§ STORED DATA
===

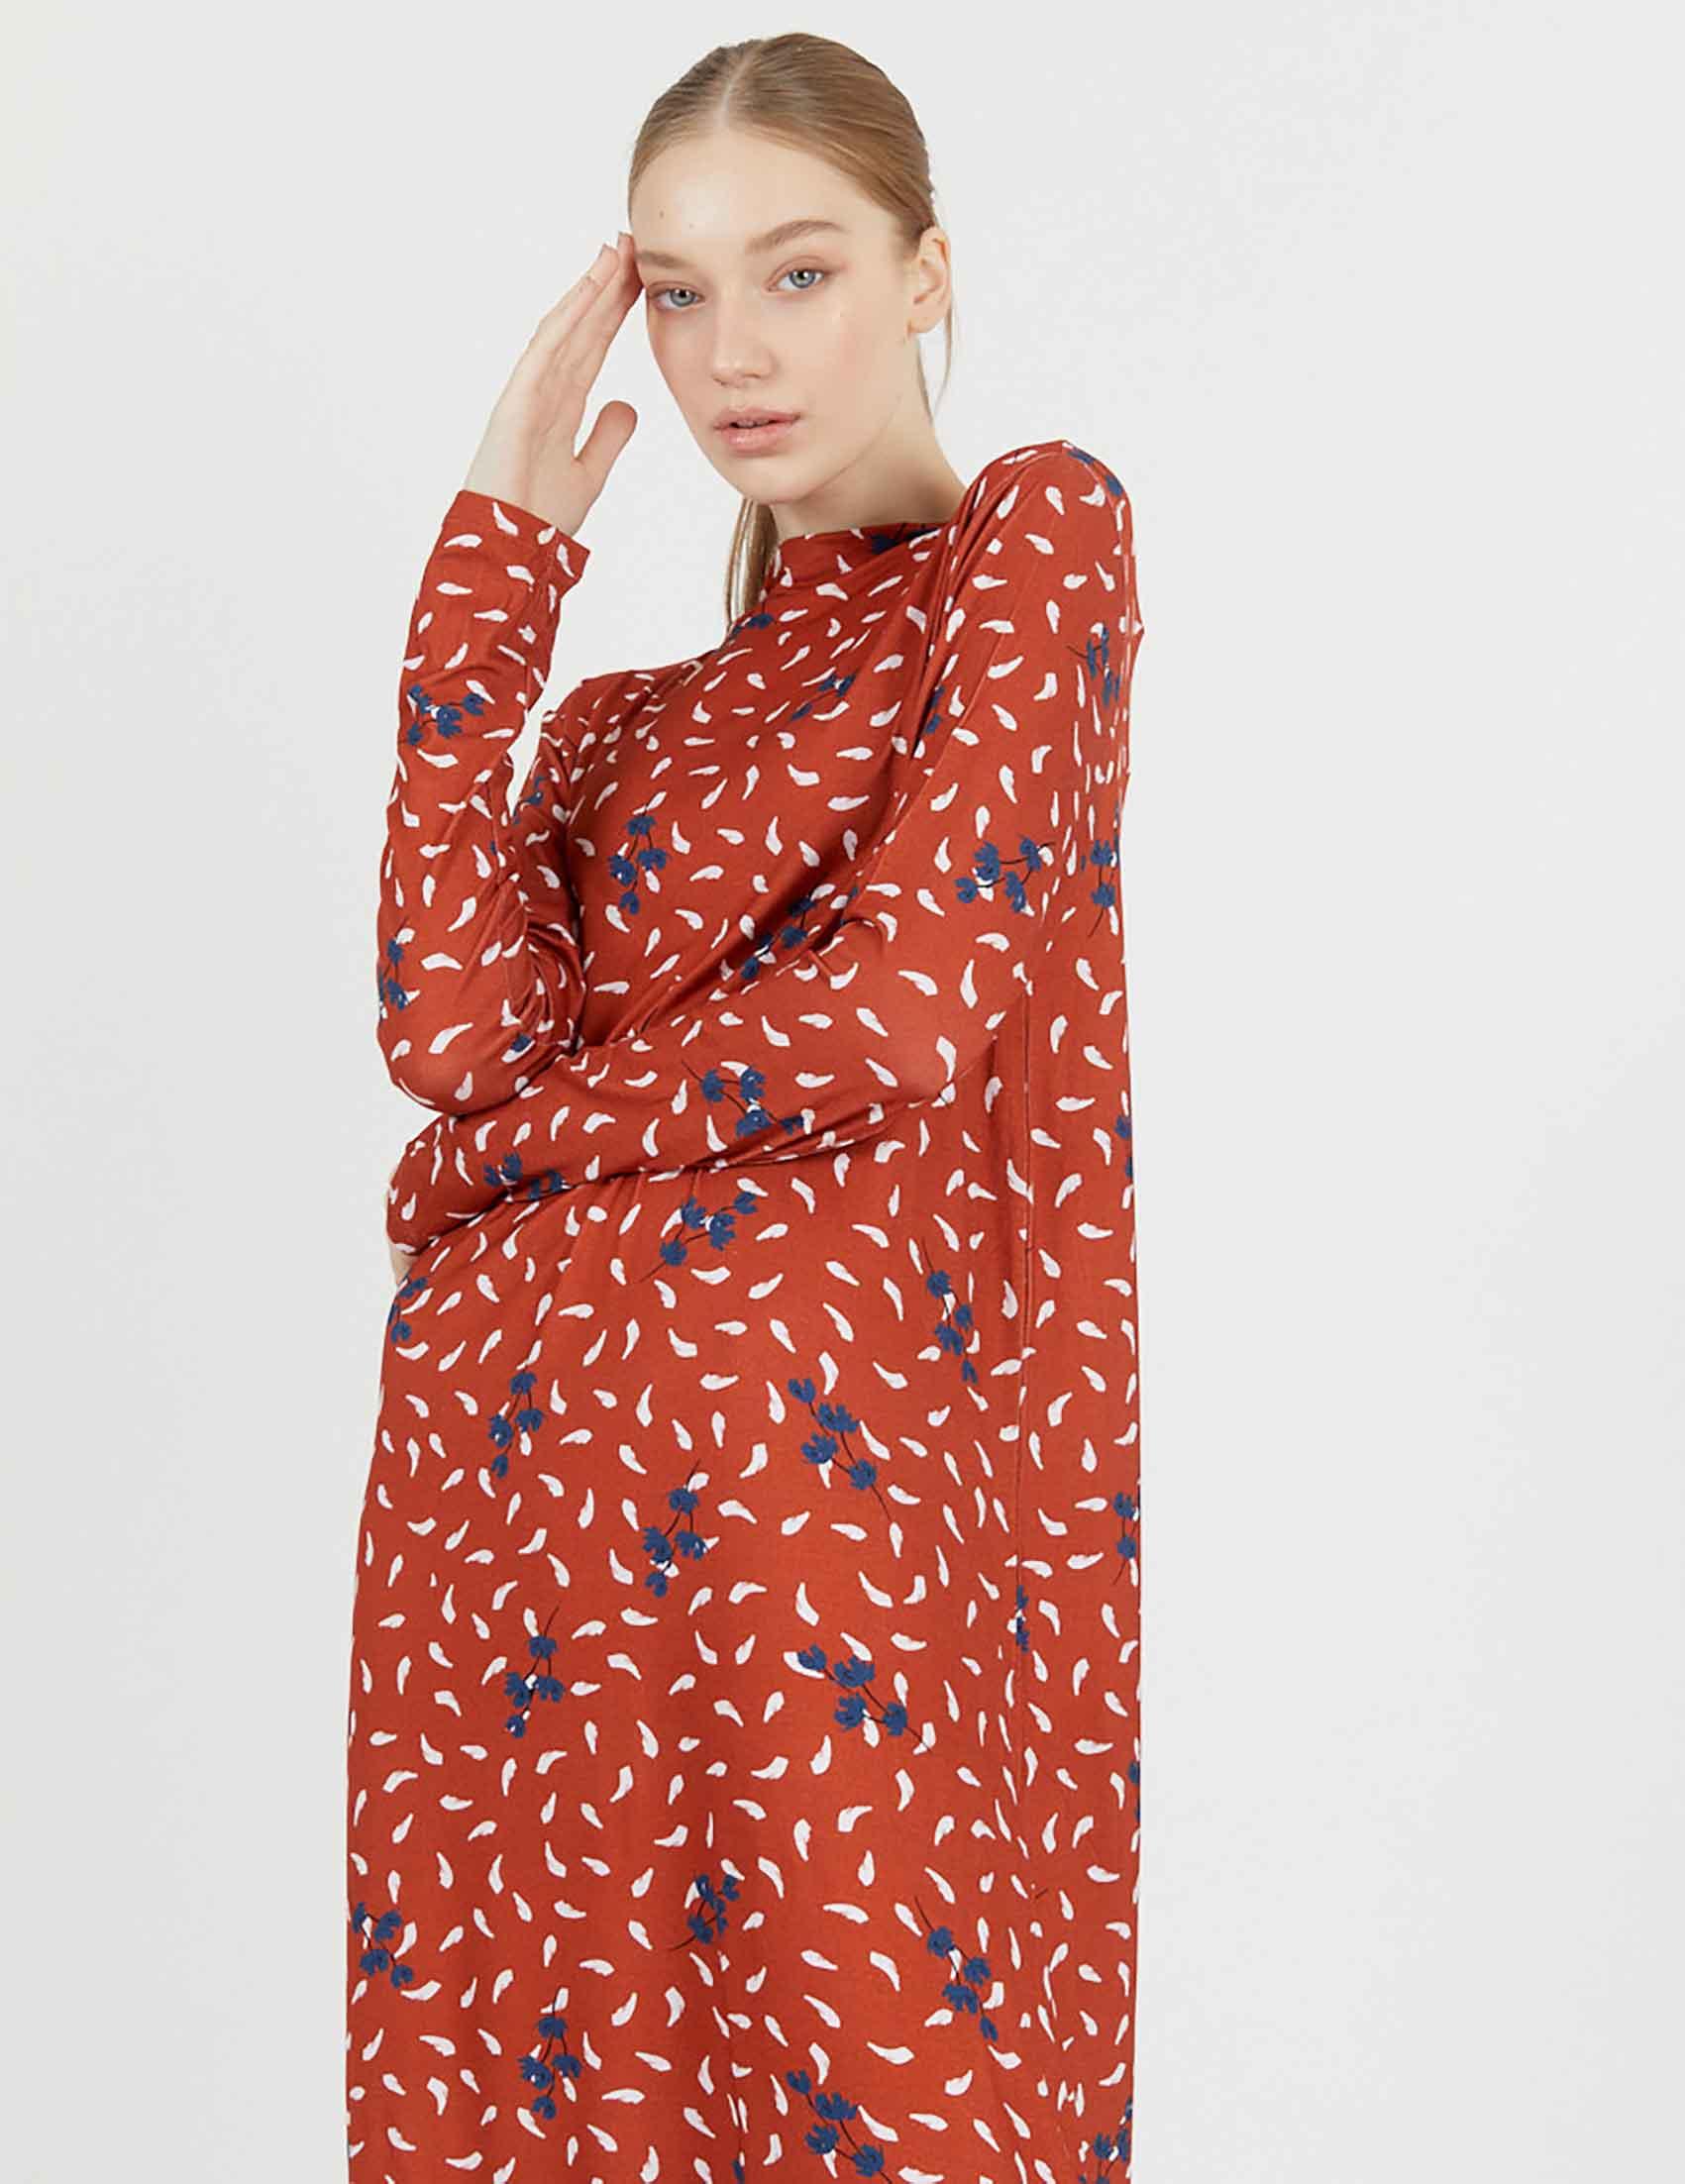 שמלת-מקסי-חדשות-אופנה
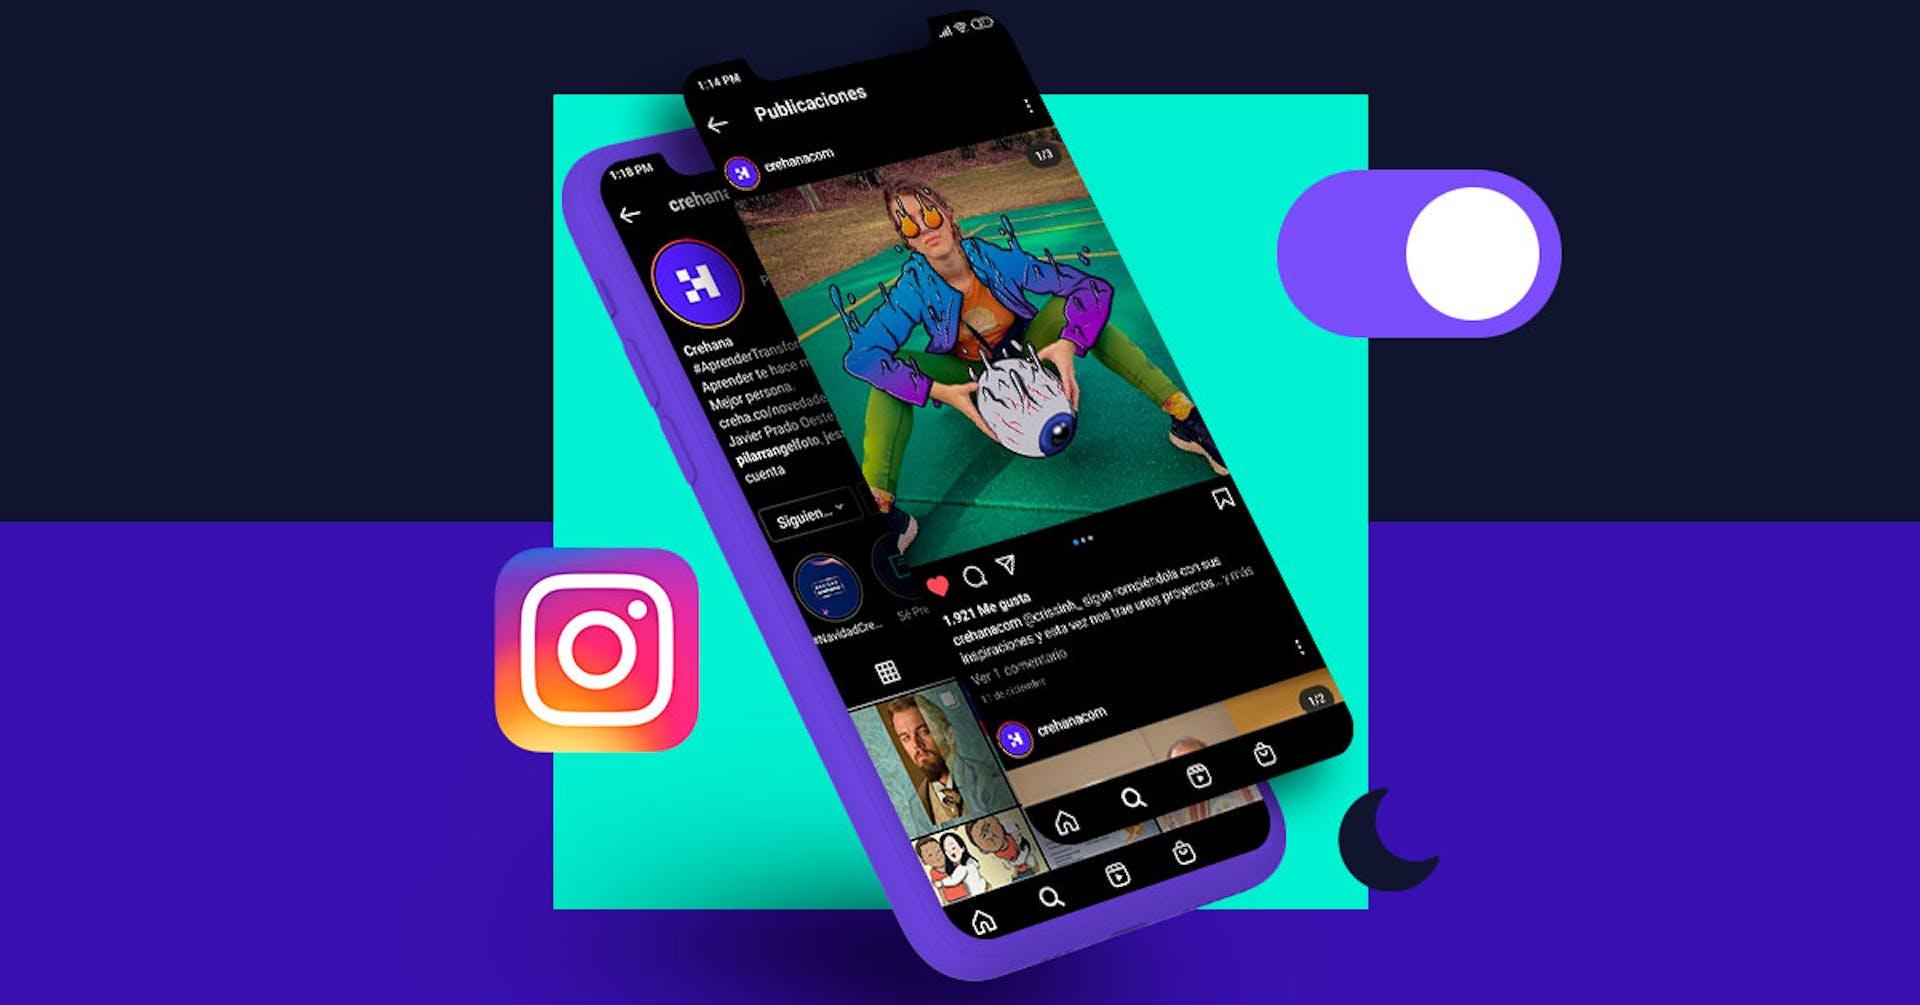 ¿Cómo poner el modo oscuro en Instagram? Dale descanso a tus ojos
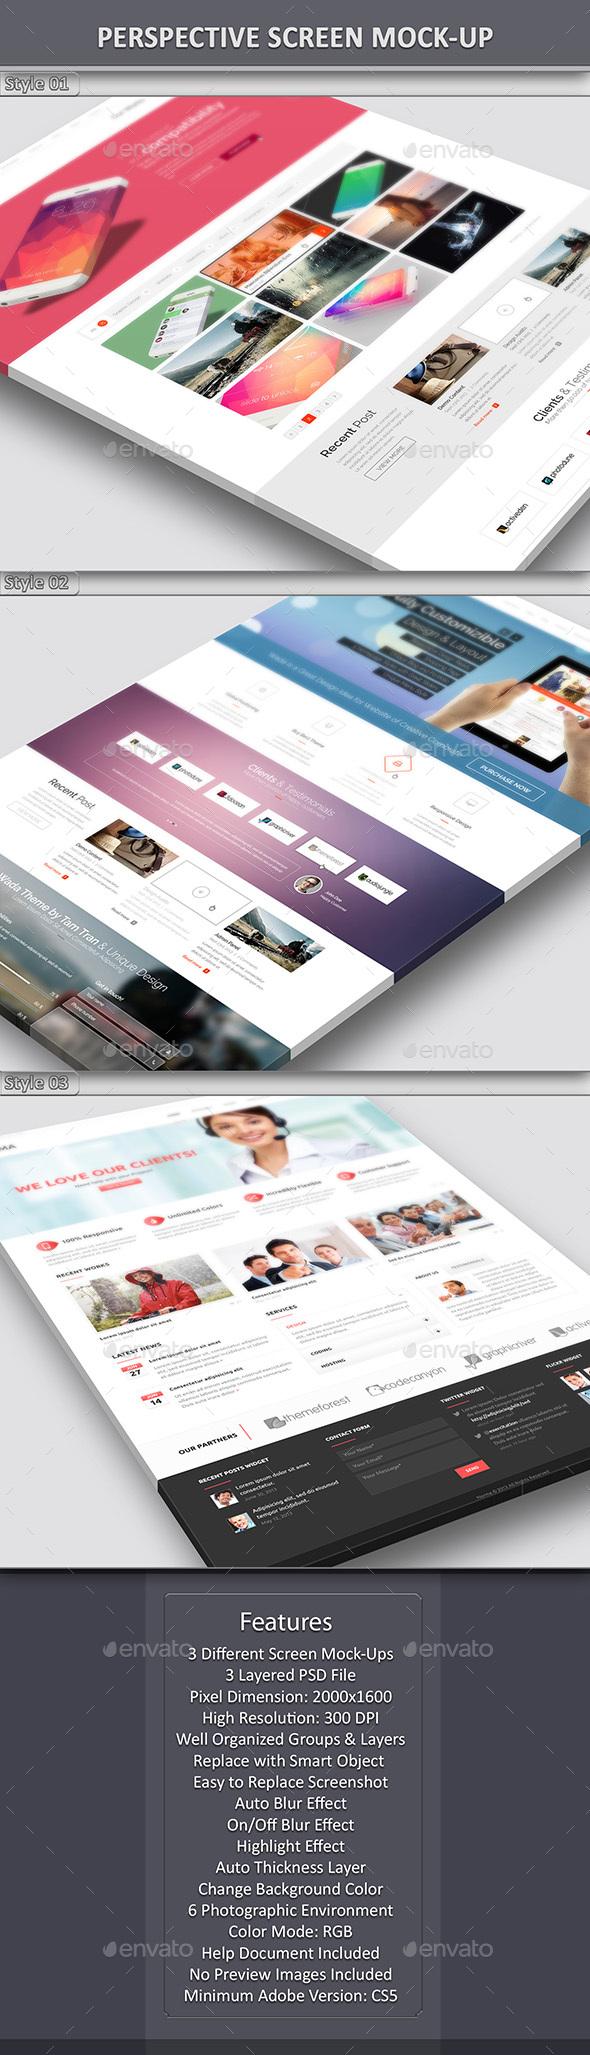 Perspective Screen Mock-Up - Website Displays
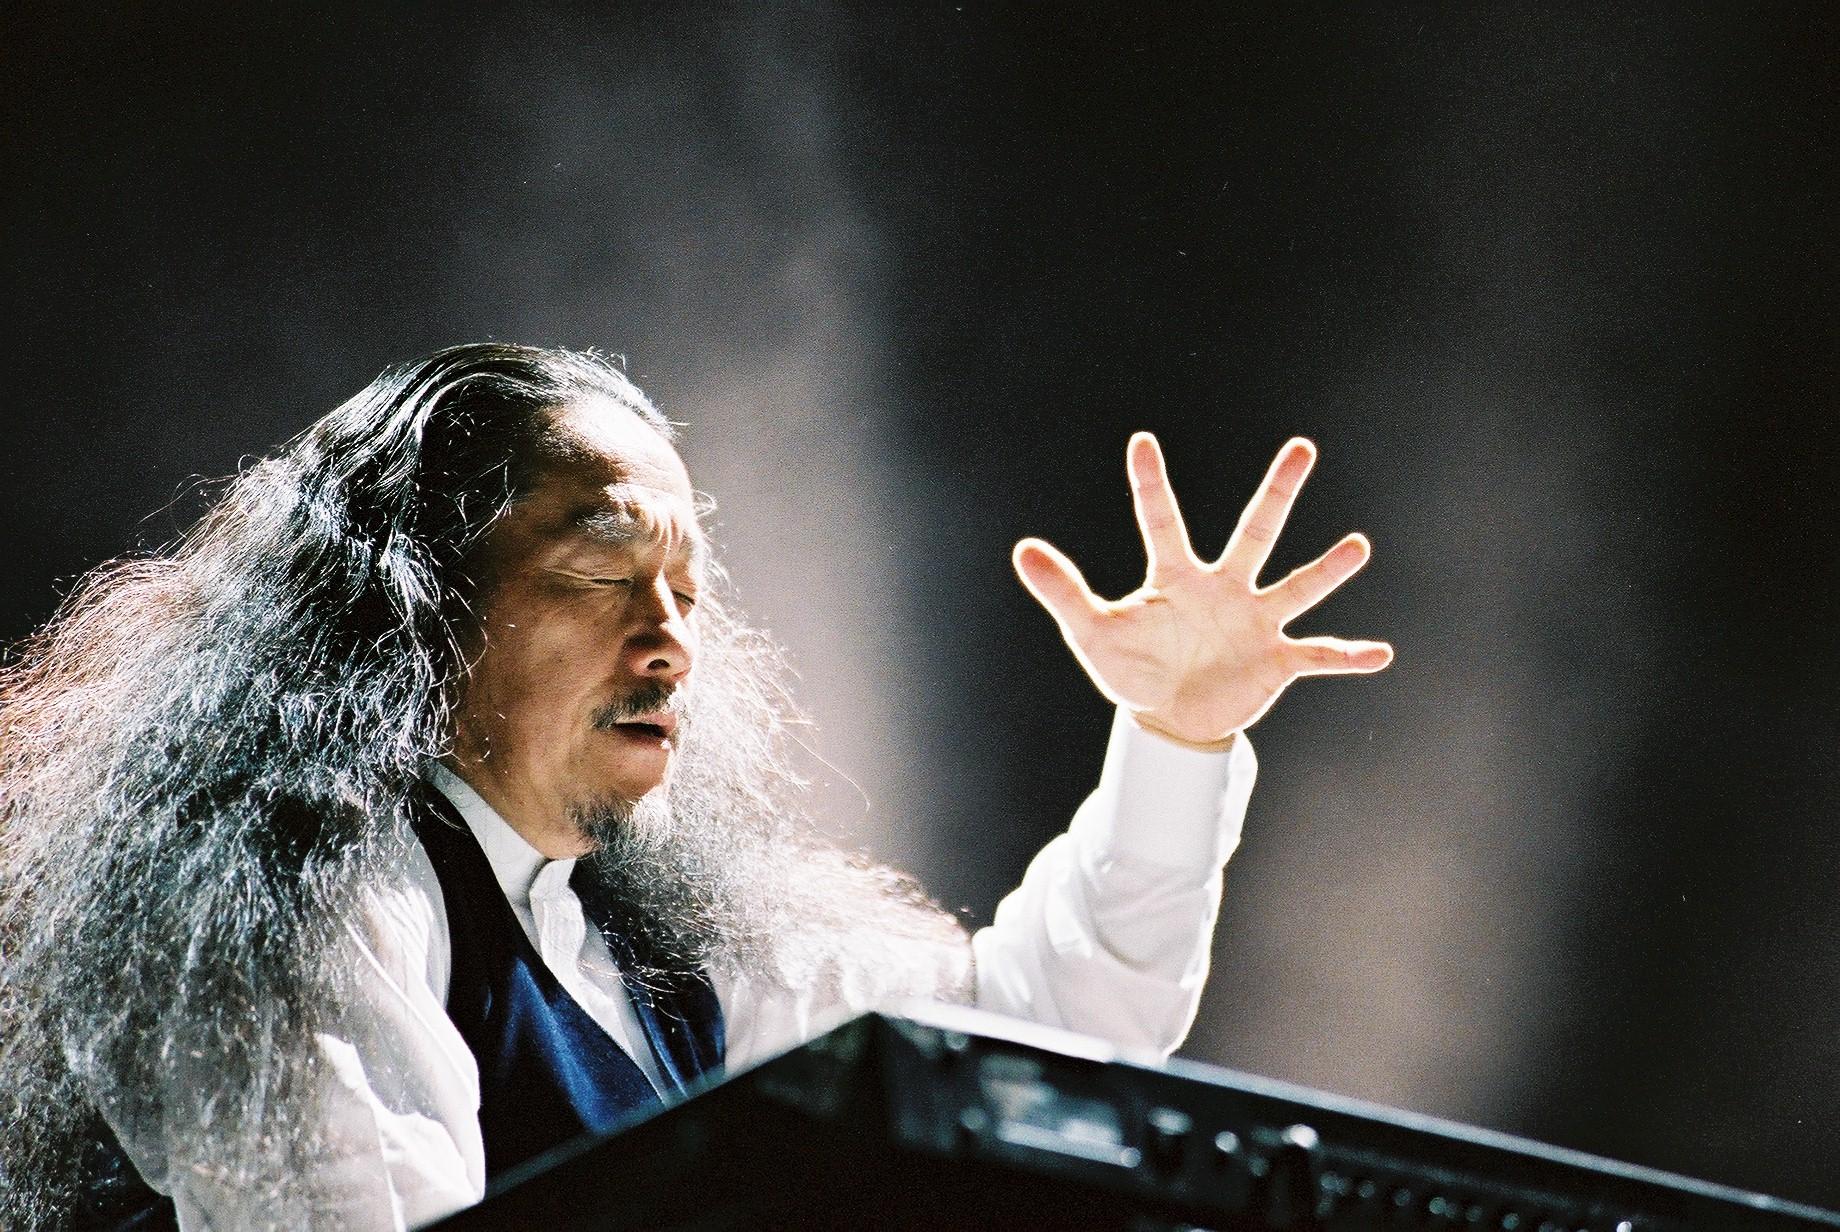 http://aliselvi.com/wp-content/uploads/2011/05/kitaro.jpg

===

§ WHAT THE EXERCISE ASKS
Copy the listing above in full and exactly, but omit each picture that it holds.

§ REPLY
 שמלת-מקסי-חדשות-אופנה
 ¿Cómo poner el modo oscuro en Instagram? Dale descanso a tus ojos
 Perspective Screen Mock-Up - Website Displays
 http://aliselvi.com/wp-content/uploads/2011/05/kitaro.jpg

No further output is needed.